Заманский согласно кивнул, придержал горящего нетерпением приятеля: – Ну, что? Вернёмся в прокуратуру? Оформишь честь по чести, изымем содержимое ячейки и назавтра вызовем Порехина? – Ещё чего? Время терять, – с негодованием отмёл предложение Лукинов. Он только что не перебирал каблуками. – Прямо в магазине тёпленьким возьмём, чтоб не успел очухаться. А бумаги от нас и так не уйдут.

13

За час до закрытия магазина Петюня Порехин в вечной фланельке, облокотившись на перила крыльца, выглядывал переулок. Только привычного хищнического азарта ни в позе, ни во взгляде Заманский не заметил. Напротив, малиновый румянец полинял, да и сами наливные щечки одрябли, будто прихваченные внезапным морозцем. Глубокая, как ров, морщина прорезала гладкий, безмятежный лоб. Всего за несколько дней моложавый Петюня резко сдал. Тяжкая дума грызла изнутри преуспевающего антиквара.

– А, господа следователи, – вяло поприветствовал он подошедших. – Наслышан, Виктор Григорьевич, как вы измышлённое самоубийство вскрыли. Это вы ловкий молодец.

– Надо поговорить,  – З аманский, безразличный к лести, жестом предложил зайти в магазин. Не спрашивая, прикрыл дверь, перевернул табличку надписью «закрыто» наружу, заглянул в подсобку, убеждаясь, что пуста. Лукинов с той же целью прошёлся по торговому залу. Порехин, примостившись на поручне плетёного кресла-каталки, безучастно наблюдал за суетящимися следователями. – Вы уж лучше прямо говорите, с чем пришли. Может, и так подскажу, – предложил он.

– Мы из банка…Оказывается, меж вами и Плескачом большие деньги оставались, – Заманский решил сократить дистанцию допроса.

Порехин прикрыл глаза.

– И документы по депозитарию тоже видели! – напористо добил его Лукинов.

– Вскрыли, что ли?

– Пока нет. Но вскроем.

– Что ж тогда воду в ступе толочь? – Петюня усмехнулся. – У нас с Осичем, когда разбегались, порядка семи миллионов баксов общака оставалось. За год на миллион распродали. Я свою долю в офшор забрасывал, Осич – в новьё вкладывался. Оставалось на круг где-то по три «лимона». После Италии Осич предложил отдать ему разом «лимон», а остальное тогда – моё. Дураком надо быть, чтоб не согласиться. Под это и кредит оформлял.

– Но не оформил.

– Так Осич к верхним людям ушел. «Лимон» после этого стал ни к чему.

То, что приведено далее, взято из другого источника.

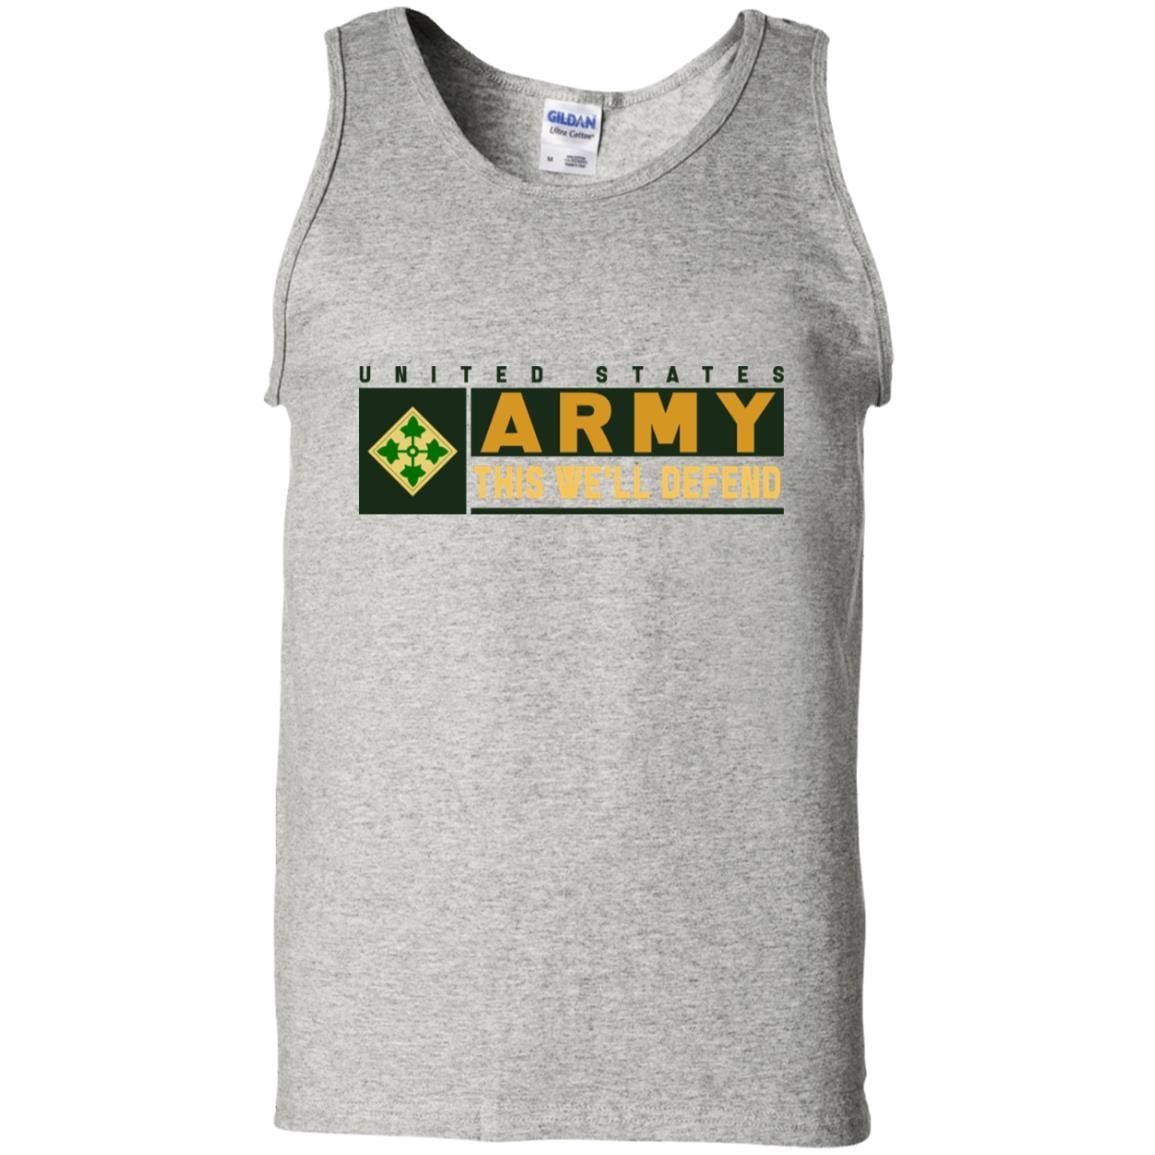 US Army 4th Infantry Division- This We'll Defend T-Shirt On Front For Men-TShirt-Army-Veterans Nation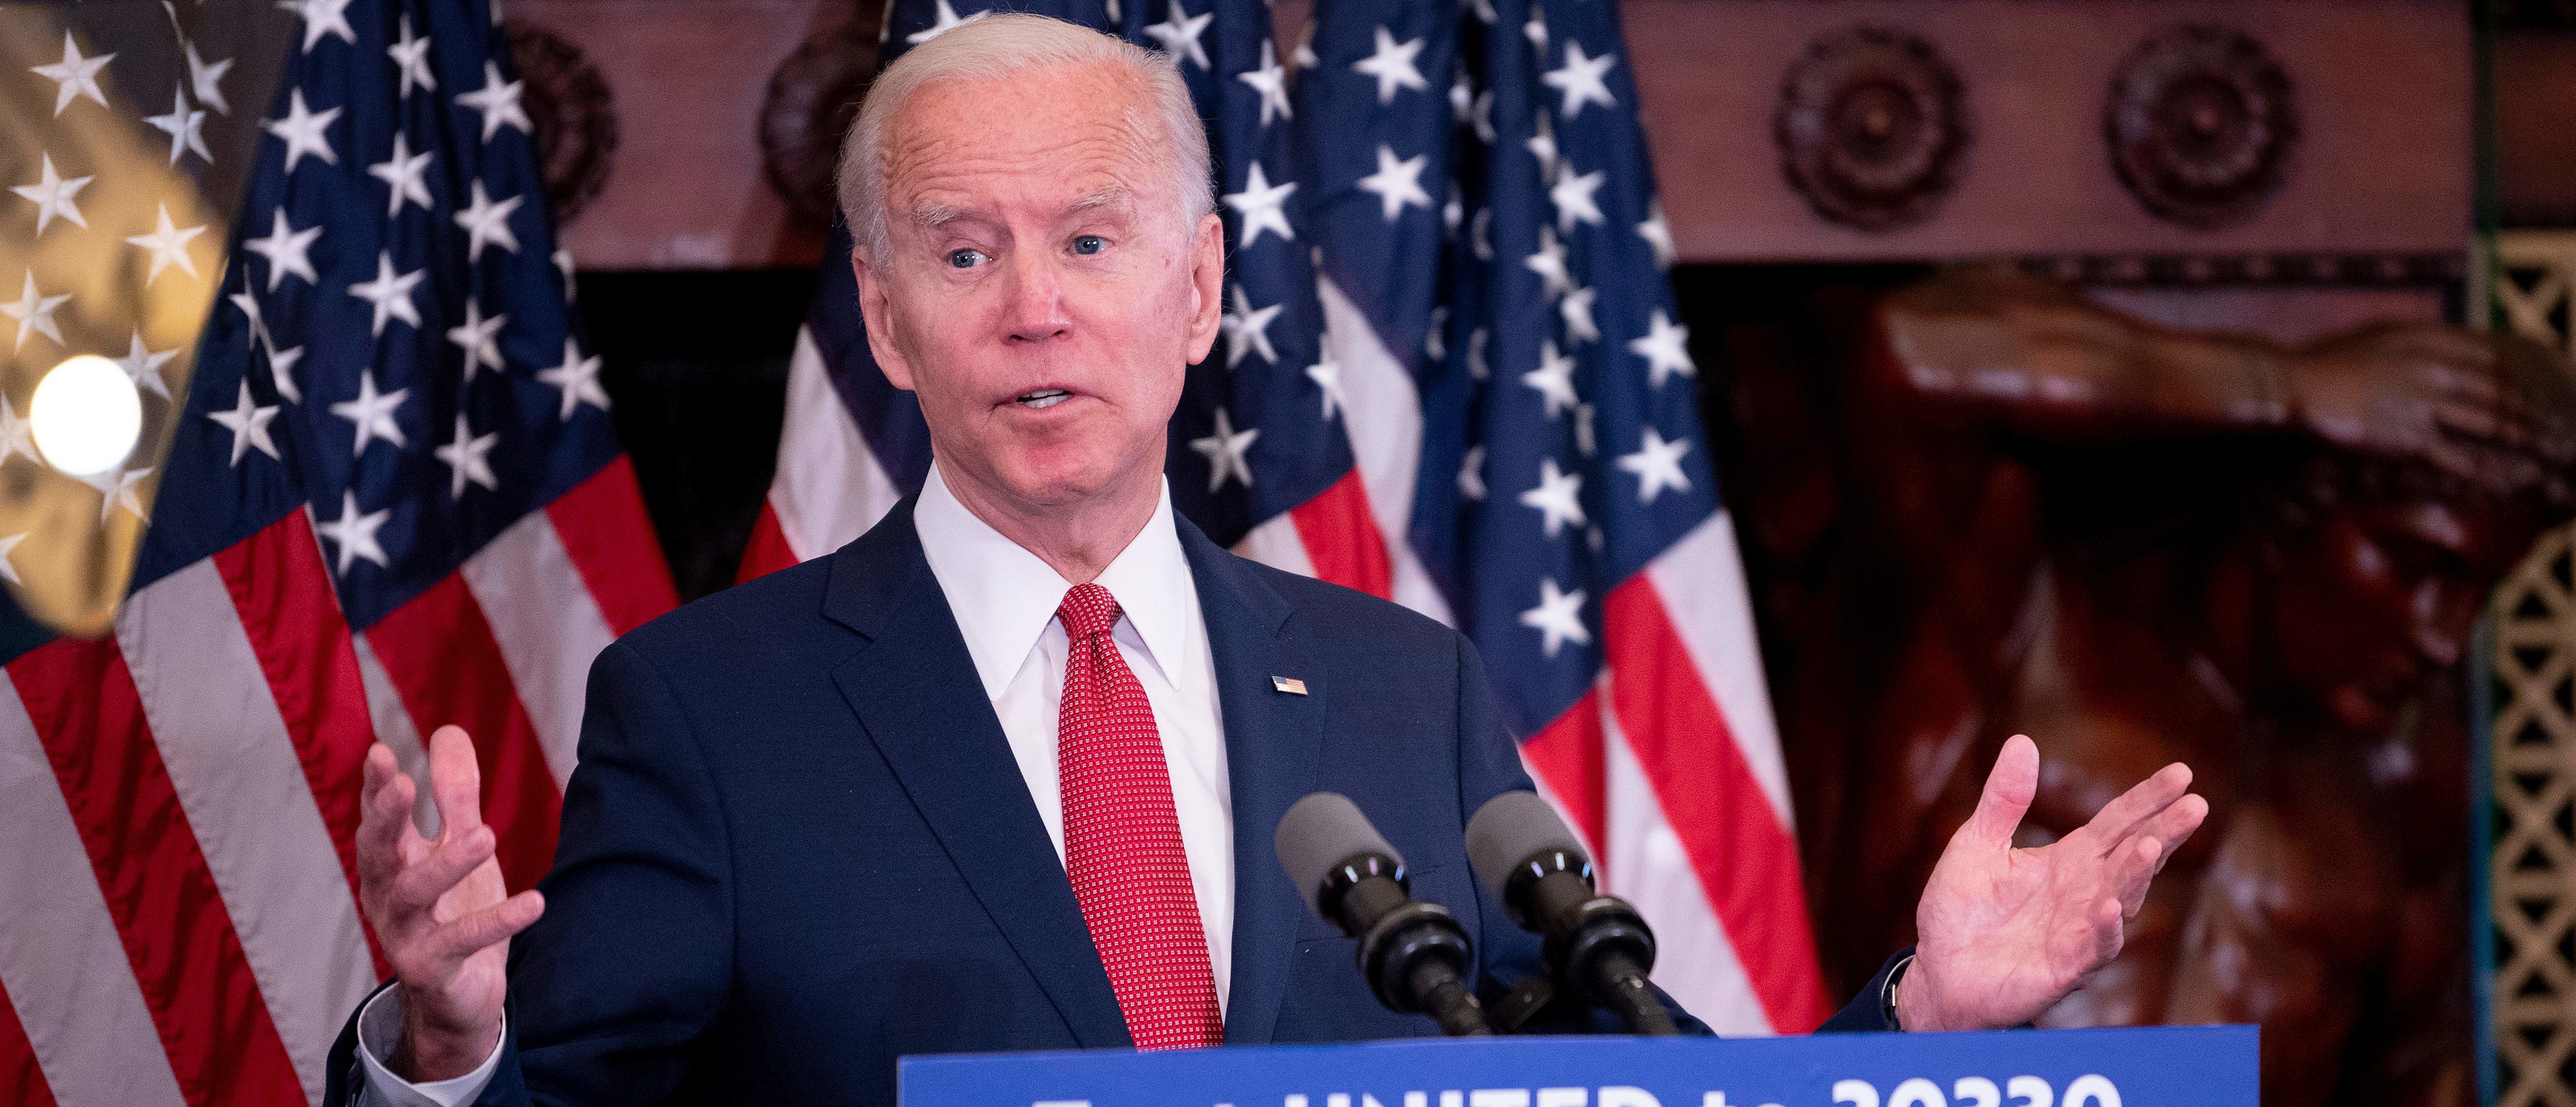 Former vice president and Democratic presidential candidate Joe Biden speaks about the unrest across the country from Philadelphia City Hall on June 2, 2020, in Philadelphia, Pennsylvania, contrasting his leadership style with that of US President Donald Trump, and calling George Floyd's death "a wake-up call for our nation." (Photo by JIM WATSON/AFP via Getty Images)

– Но ты и про остальные деньги не обмолвился . Решил «заиграть»?! – рубанул Лукинов.

Похоже, угодил в точку, – Петюня запунцовел.

– Скажу, что нет, – кто поверит? – процедил он. – Получается, хотел. – Почему ж сам Зиновий никому об этих деньгах не рассказывал? – спросил Заманский.

– А с какого перепугу? Меньше болтаешь, меньше внимания привлечёшь. Товар, считай, – неучтёнка.

– Кто-то, кроме вас двоих, об этой договорённости знал? – поднажал Заманский.

– Н-нет! – Заманскому почудилось, что Петюня споткнулся. Но в следующее мгновение голос Порехина окреп. – Кто ж о таких вещах говорит! Это между двумя. Потому и акт составили в одном экземпляре и – в ячейку. С одной стороны, – чтоб без обмана. Ну, и третий не доберётся.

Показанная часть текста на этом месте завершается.